Sql-server – Will a MERGE between two tables ever be faster than a DROP and SELECT INTO on the second table

data synchronizationmergeperformancequery-performancesql serversql-server-2016

Is there a scenario where it's faster for synchronizing the data from TableA to TableB by using a MERGE query as opposed to dropping TableB and doing a SELECT * INTO TableB FROM TableA?

Best Answer

Will a MERGE between two tables ever be faster than a DROP and SELECT INTO on the second table?

I think, in general, I'd say probably not. But it depends on a lot of factors.

Bulk Loading (minimal logging)

SELECT...INTO will benefit from bulk load optimizations. The INSERT portion of the MERGE query might benefit from these optimizations, but the UPDATE portion won't. So the MERGE statement will likely result in more transaction log writes, making it slower.

DROP vs DELETE

SELECT...INTO will also benefit from the fact that DROP TABLE is a metadata operation, and thus will "remove" all the rows very quickly. The DELETE portion of the MERGE query will be logged normally, resulting in more transaction log writes, making it slower.

Concurrency

SELECT...INTO will benefit from reduced locking / blocking / concurrency issues, because it will have exclusive access to the target table. The MERGE statement will potentially have to deal with lock escalation, blocking by other processes, etc, unless you provide TABLOCK hints.

Index Maintenance

The MERGE statement also has to deal with index maintenance (you mentioned there is a clustered index and a nonclustered index on the target table in this scenario), whereas the SELECT...INTO does not.

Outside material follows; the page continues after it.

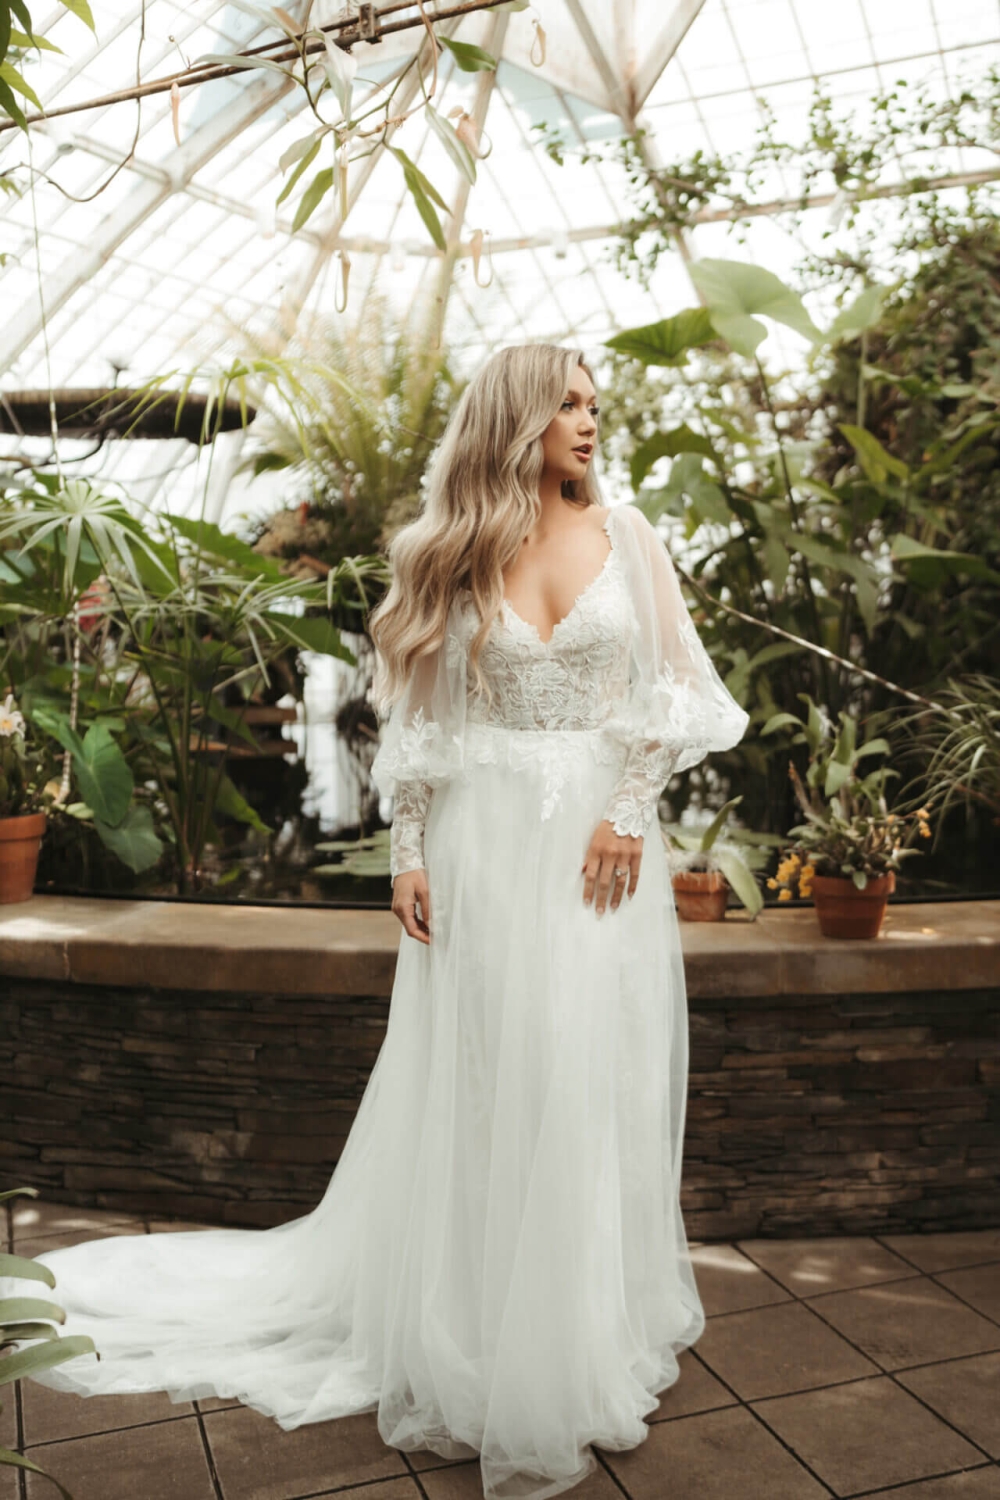 Plus Size Wedding Gowns | GSB | Bridal Shop West Midlands

To mitigate this, you could potentially drop the indexes and recreate them after the MERGE has run.

Additional thoughts

All of this somewhat depends on what the breakdown (in terms of # of rows) is between INSERTs, UPDATEs, and DELETEs in the MERGE statement, but in general I would expect the SELECT...INTO case to be quicker unless the MERGE statement has been designed very carefully.

Some related information that might be interesting to you and this situation:


Sidebar: in a comment, you mentioned:

I'm asking because in my case I have to synchronize about 300 million records, and with my testing of only 5 million records, the SELECT INTO took about 30 seconds, the MERGE took about 4 minutes. :(

To compare "apples to apples" make sure to include the time it takes to create the two indexes you mentioned for the SELECT...INTO case:

In my specific case, there's actually no indexes on TableB at the time of the SELECT INTO, but a single unique clustered (PK) and a single non-clustered index is created on it on after the data is inserted. If a MERGE query was used instead, then both tables would have unique clustered indexes and non-clustered indexes on them.